Assignment — Go to the line that contains "034 marthas vineyard" in the listing below, then output it and every line after it exactly, omitting pictures.

Data section —
══════
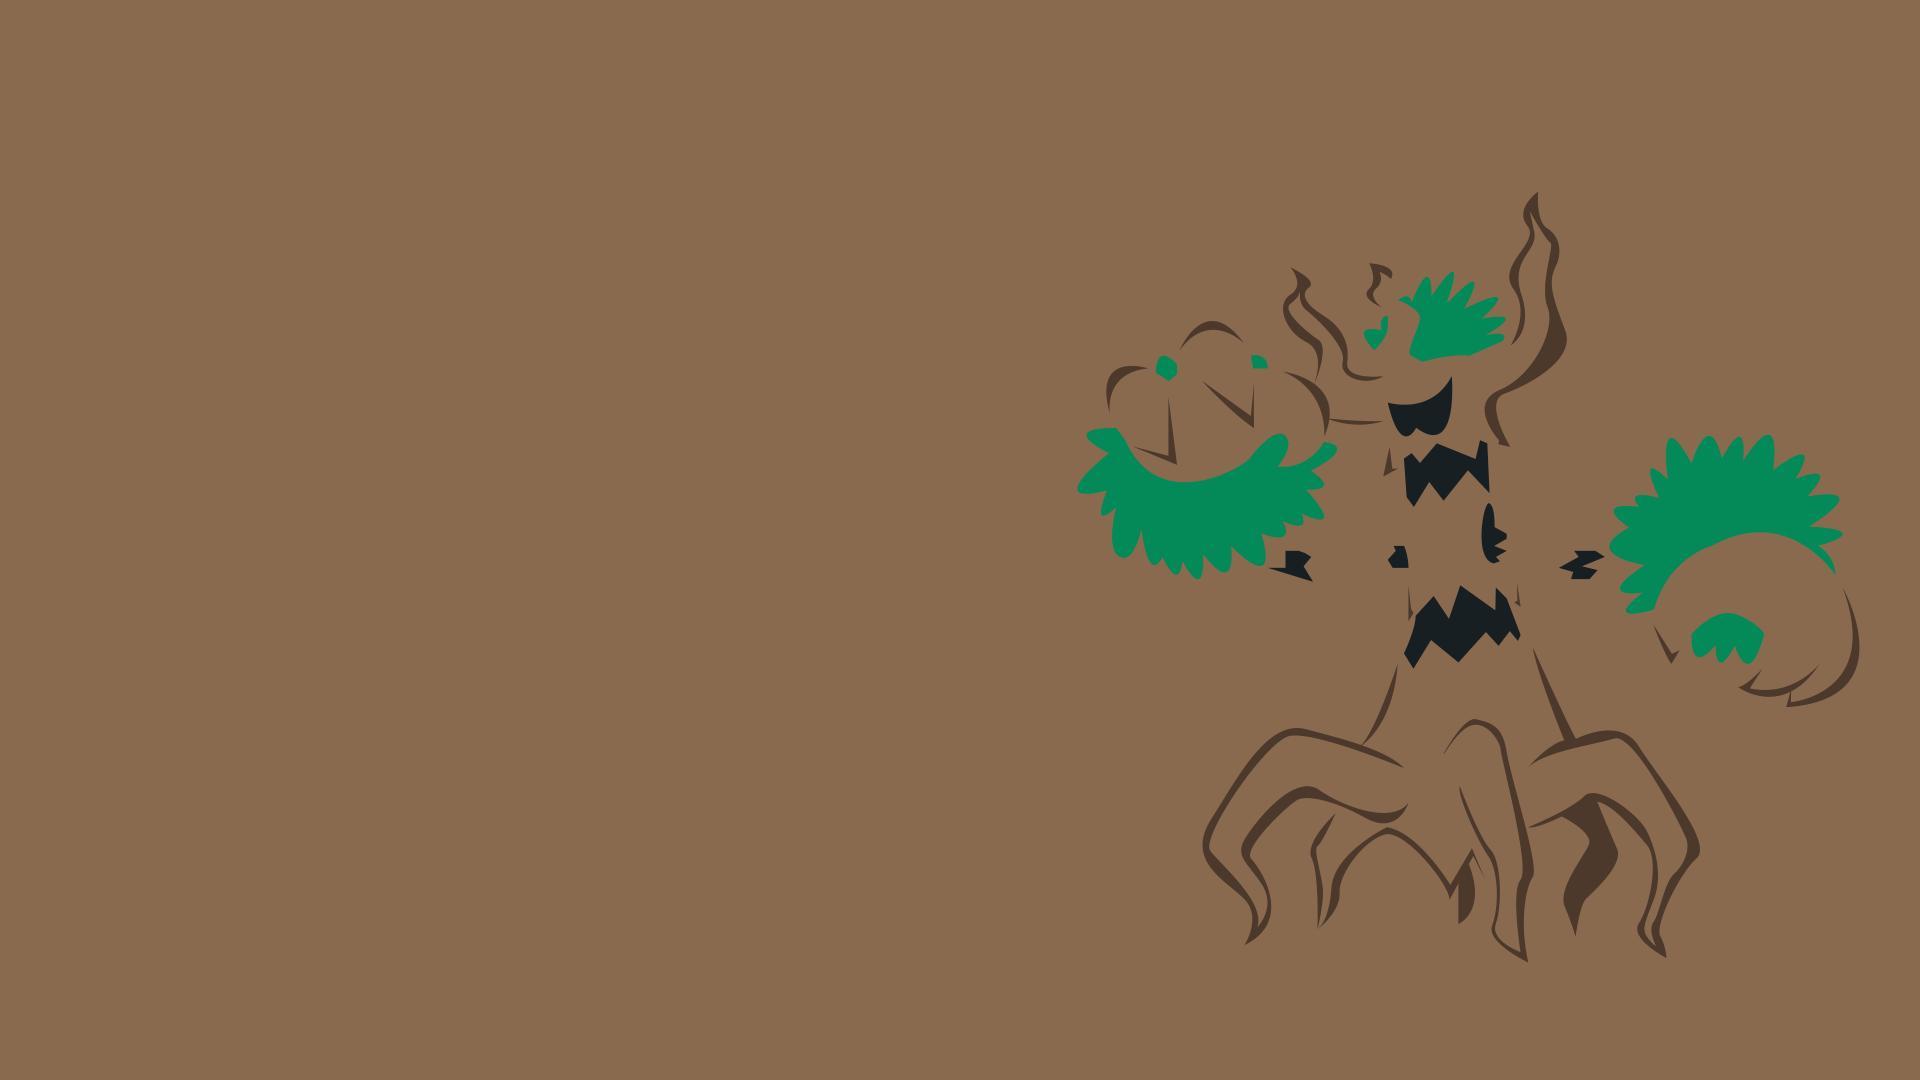 Trevenant Minimalism Brown Background wallpaper anime 1920x1080
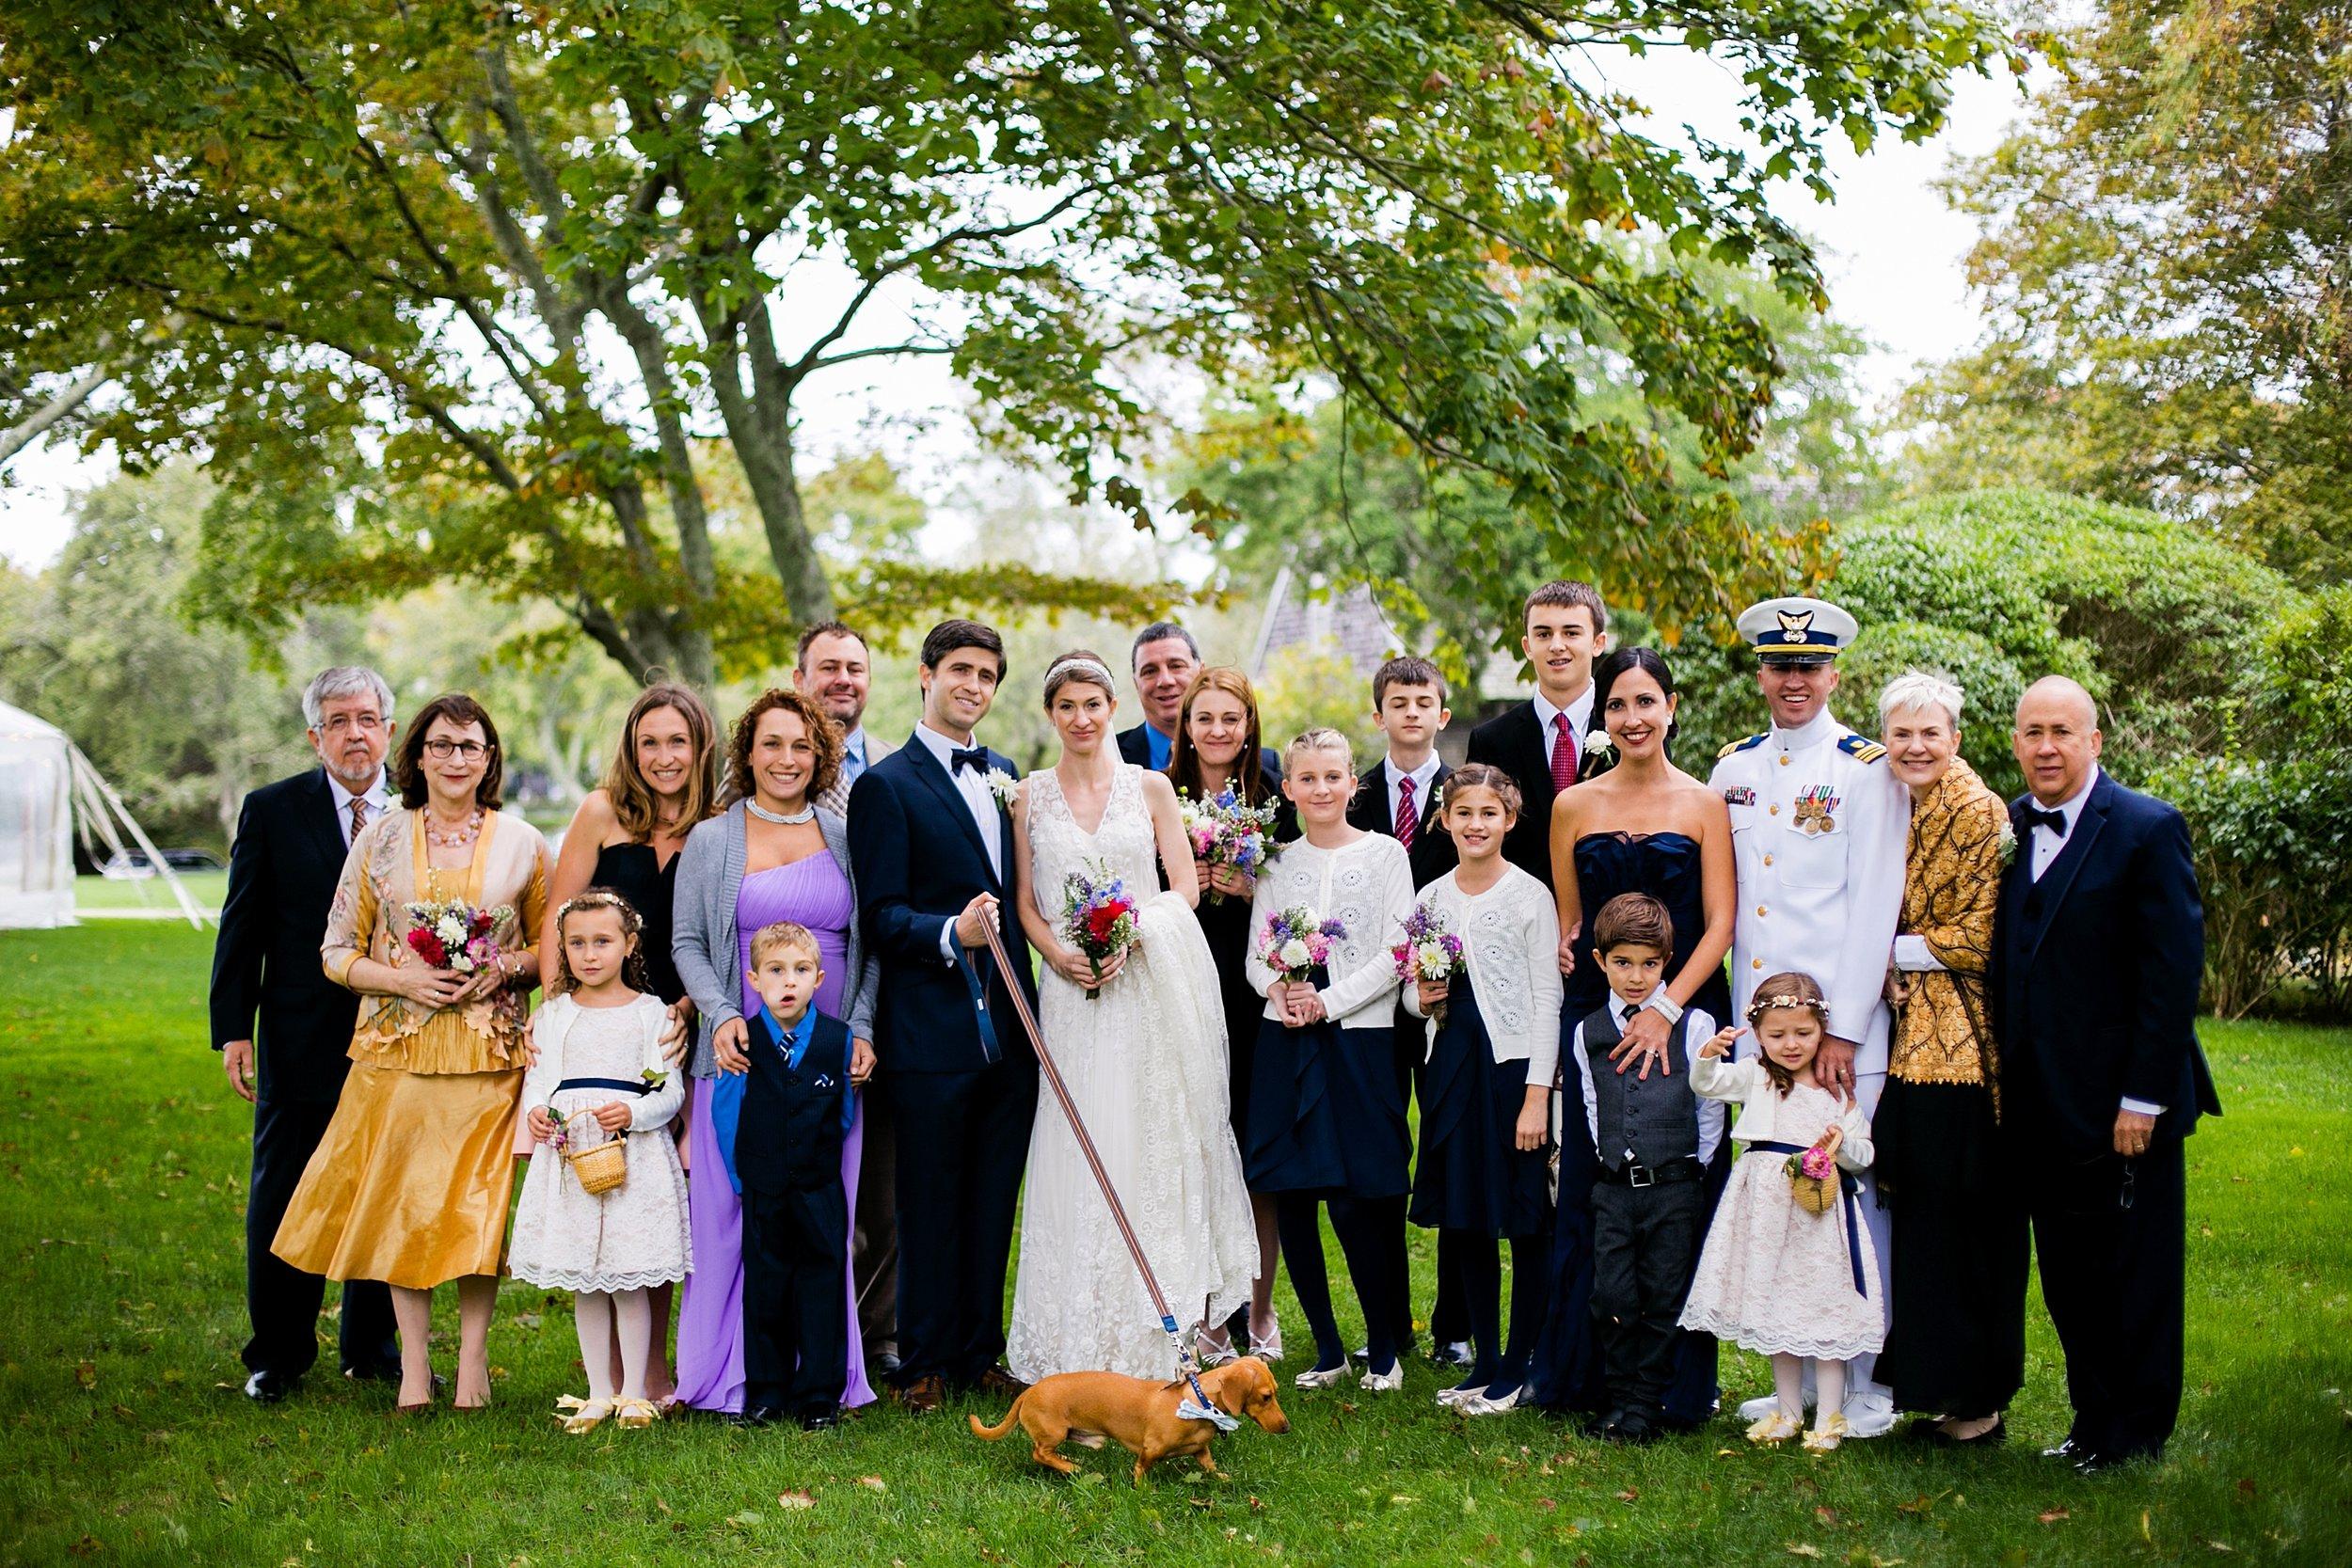 034 marthas vineyard wedding photographer todd danforth photography.jpg
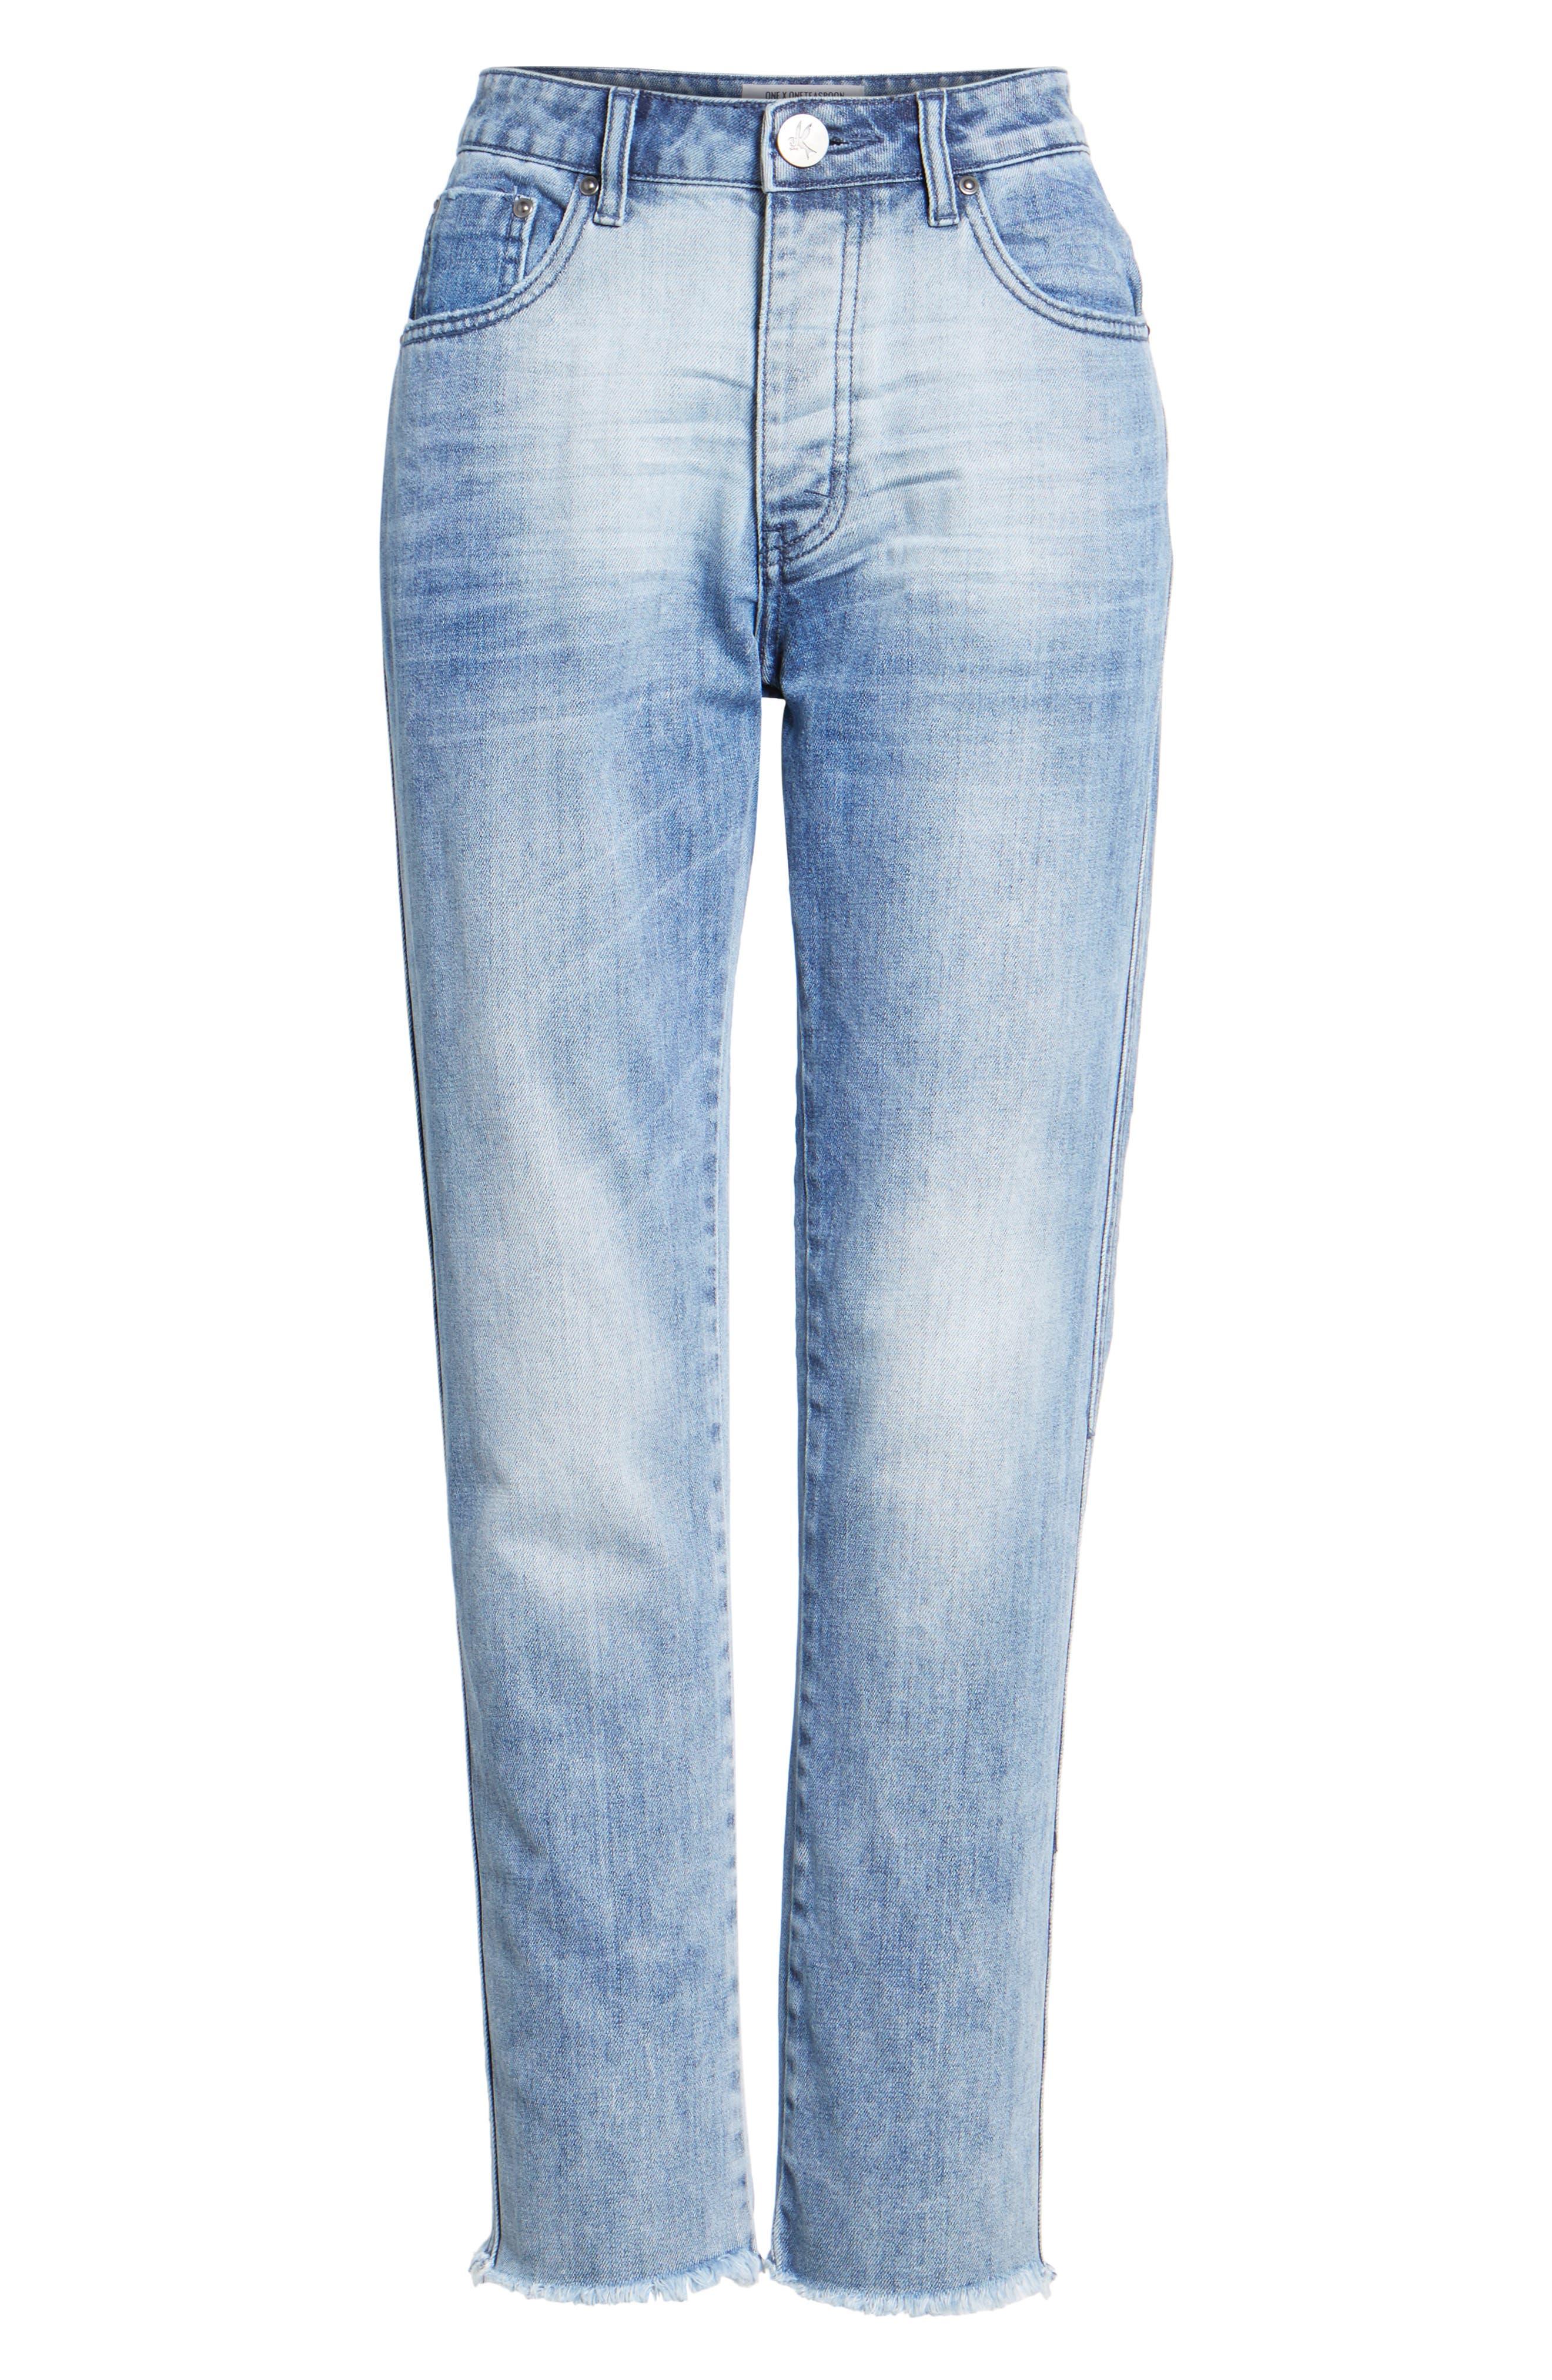 Tuckers High Waist Straight Leg Jeans,                             Alternate thumbnail 6, color,                             456
══════
Answer space —
 034 marthas vineyard wedding photographer todd danforth photography.jpg
 Tuckers High Waist Straight Leg Jeans,                             Alternate thumbnail 6, color,                             456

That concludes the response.